I thought that Ella Imms certainly looked the part of French barmaid Phyllis, and dropped dead very convincingly when shot by the Boche at the end, but felt there should perhaps have been a bit more passion and sparkle in her speeches and steps. Chas always seemed much more enamoured of her than she of him. Maeve Elmore’s Wendy the great niece of George, coming to see Charles at his invitation, was caught a bit between showing how detached today’s youngsters can be from long gone events and how they can still relate to those tragic times. I would have liked to see a bit more of Wendy and Charles together, giving the characters more time to develop an understanding. As it stood it felt a bit rushed and gone too soon.
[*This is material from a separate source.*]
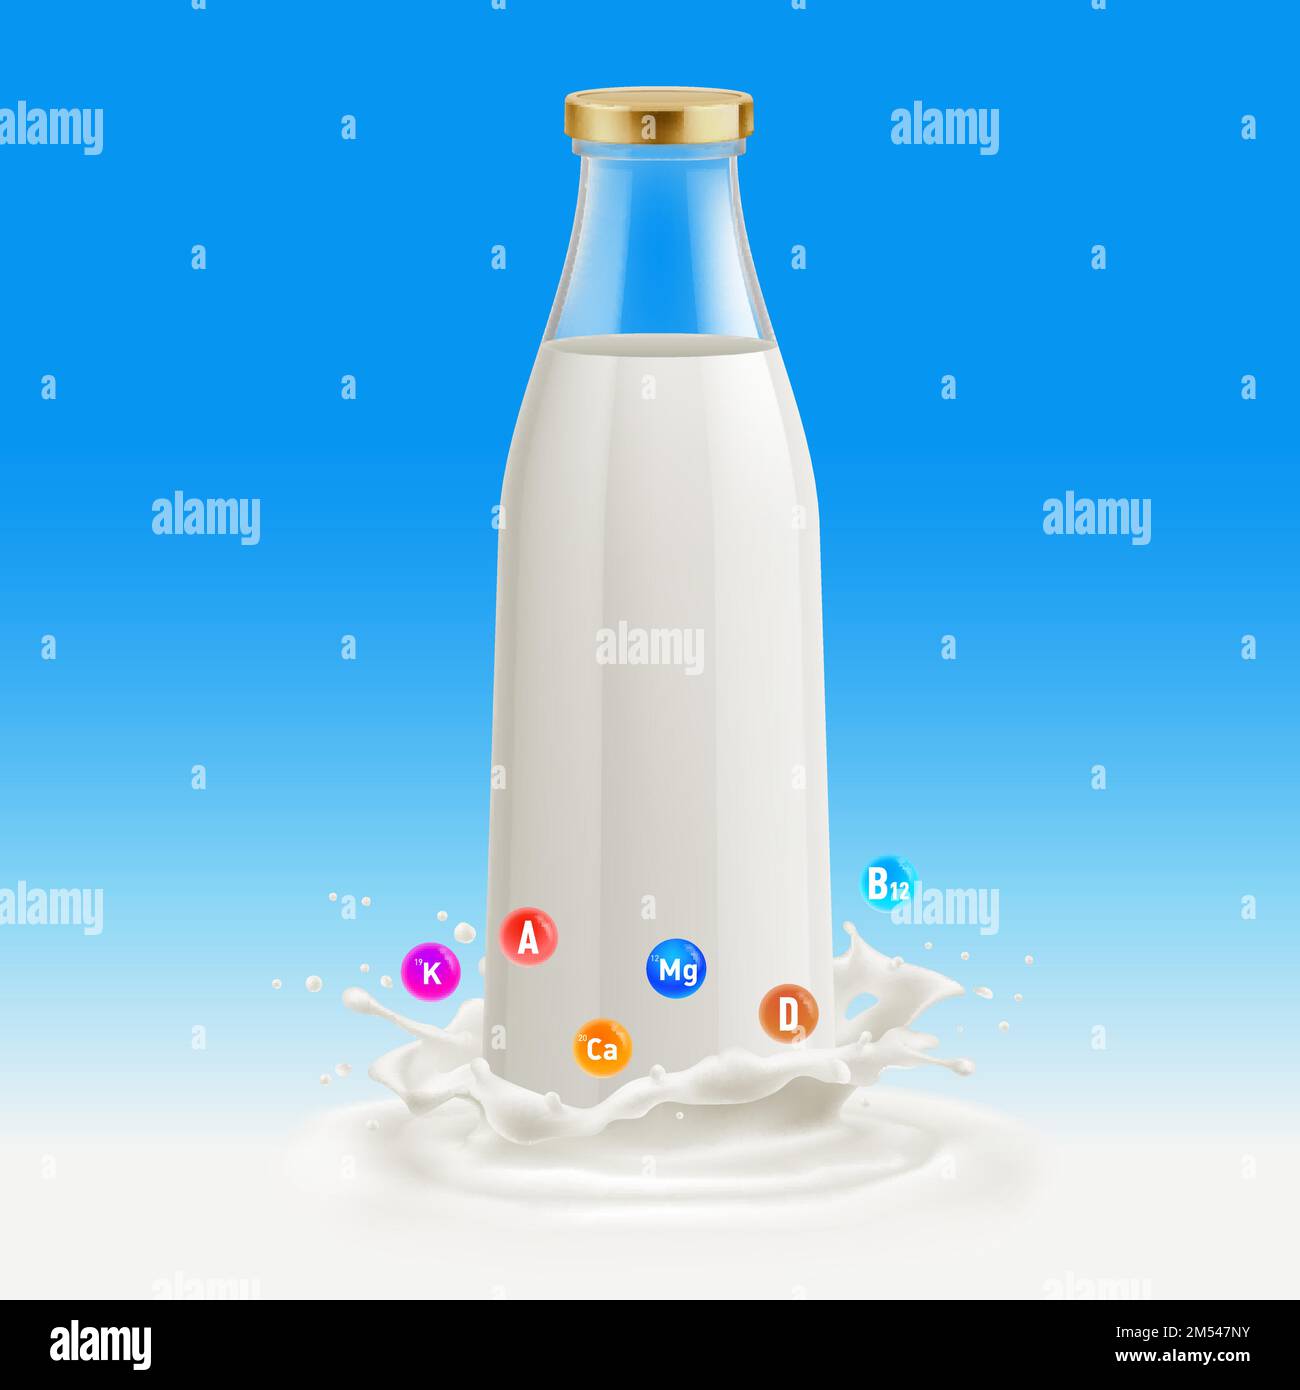 Botella de leche aislada sobre fondo azul. Botella de vidrio con leche. Tradicional botella de leche de vidrio de estilo antiguo. Útil y Vitaminas Plantilla con Splash Ilustración del Vector
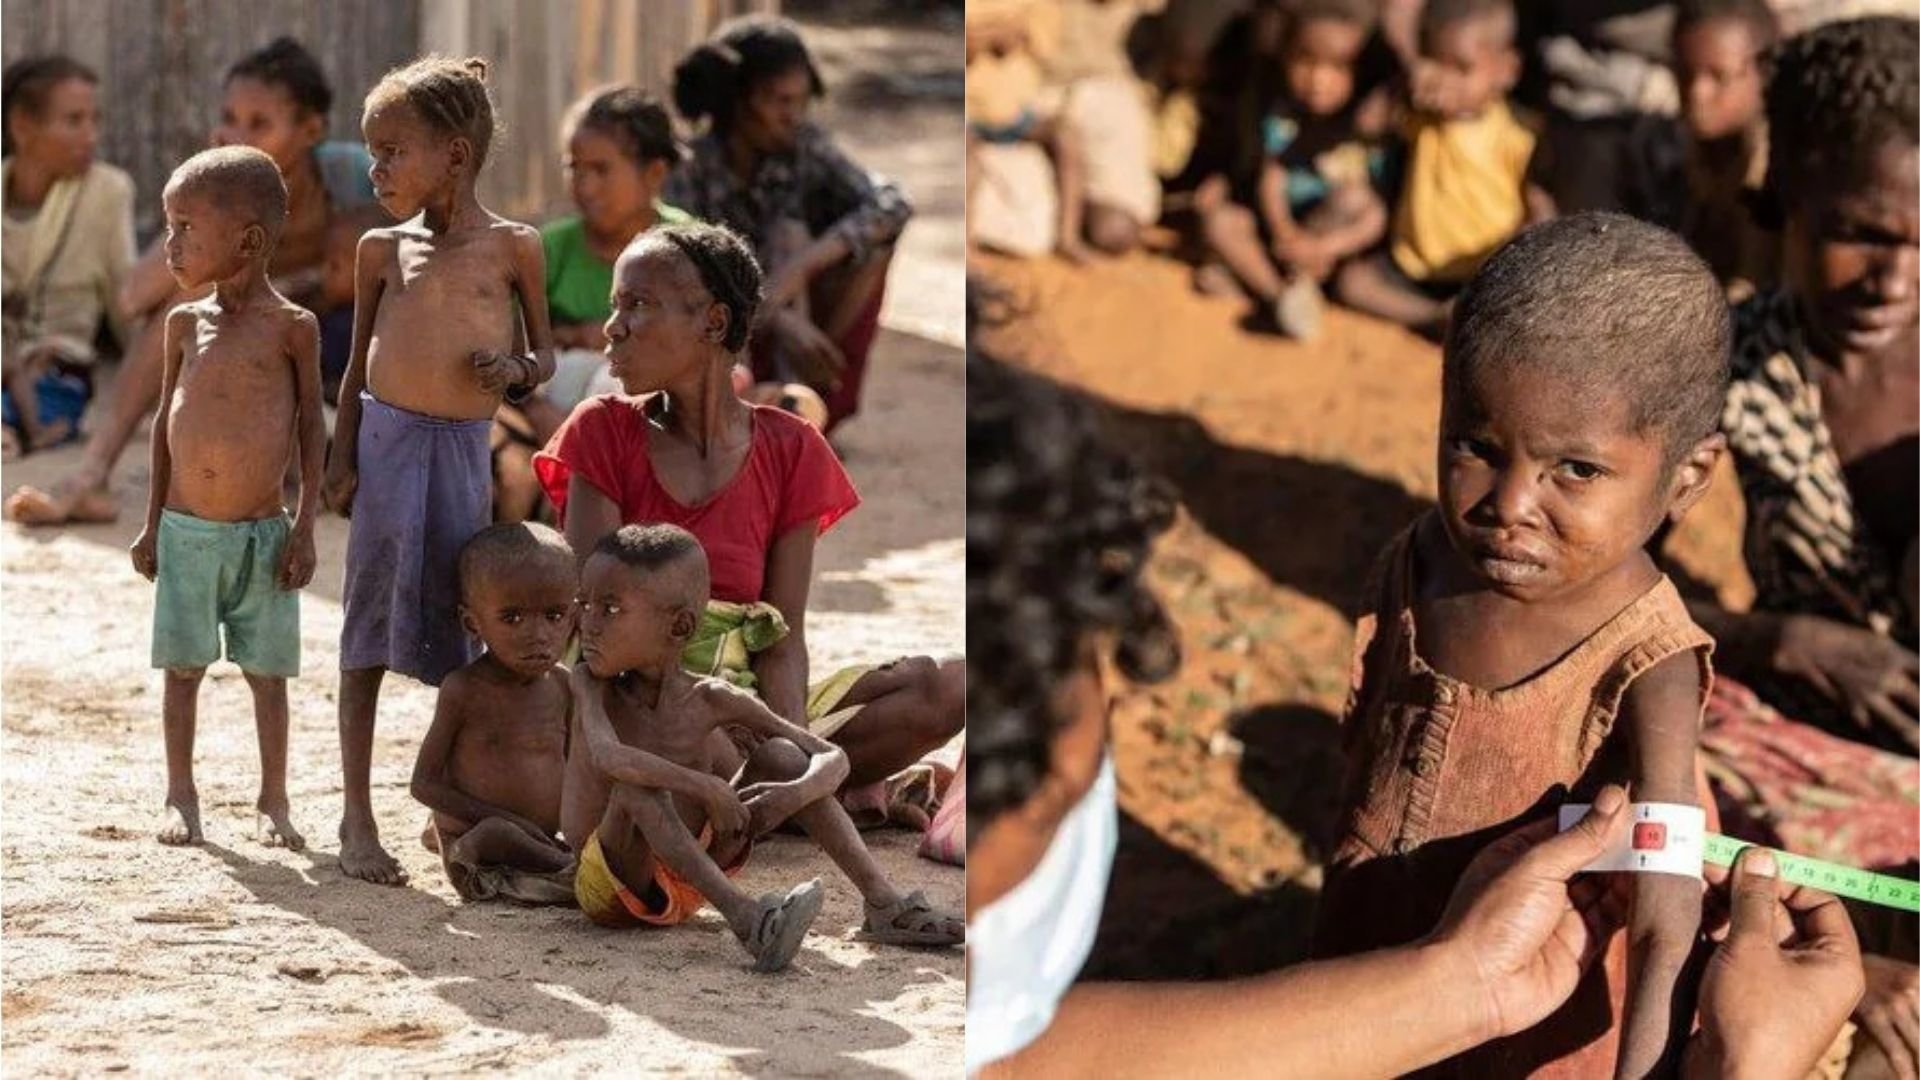 Μαδαγασκάρη, το πρώτο θύμα της κλιματικής κρίσης: Στα όρια του λιμού 1.5 εκατομμύριο άνθρωποι

We had probably been a bit longer in France than we needed to be.

Michael Fife had the unusual task of being French, English and German in the same play. Liberated, Liberator and Occupier all in the same night he seemed to relish his tricolor of nationalities, at his best as the civil servant with a not yet dead body to move from Sheffield to Westminster Abbey.
I liked the divided past and present set by Anna Kezia Williams and was impressed by Irena Pancer’s immaculate uniforms. The tape of a state funeral fading in and out of proceedings worked well and closed proceedings with appropriate solemnity. Lily Ann Green marshaled her troops efficiently but overall I thought the play tried to do a bit too much taking in pacifism, patriotism, memory, romance, generational politics and some else besides; all the elements of Great War plays rather than concentrating on a few. But it would be wrong to underplay the creation of the production and everything that has gone into bringing it to the stage. It is a proud achievement.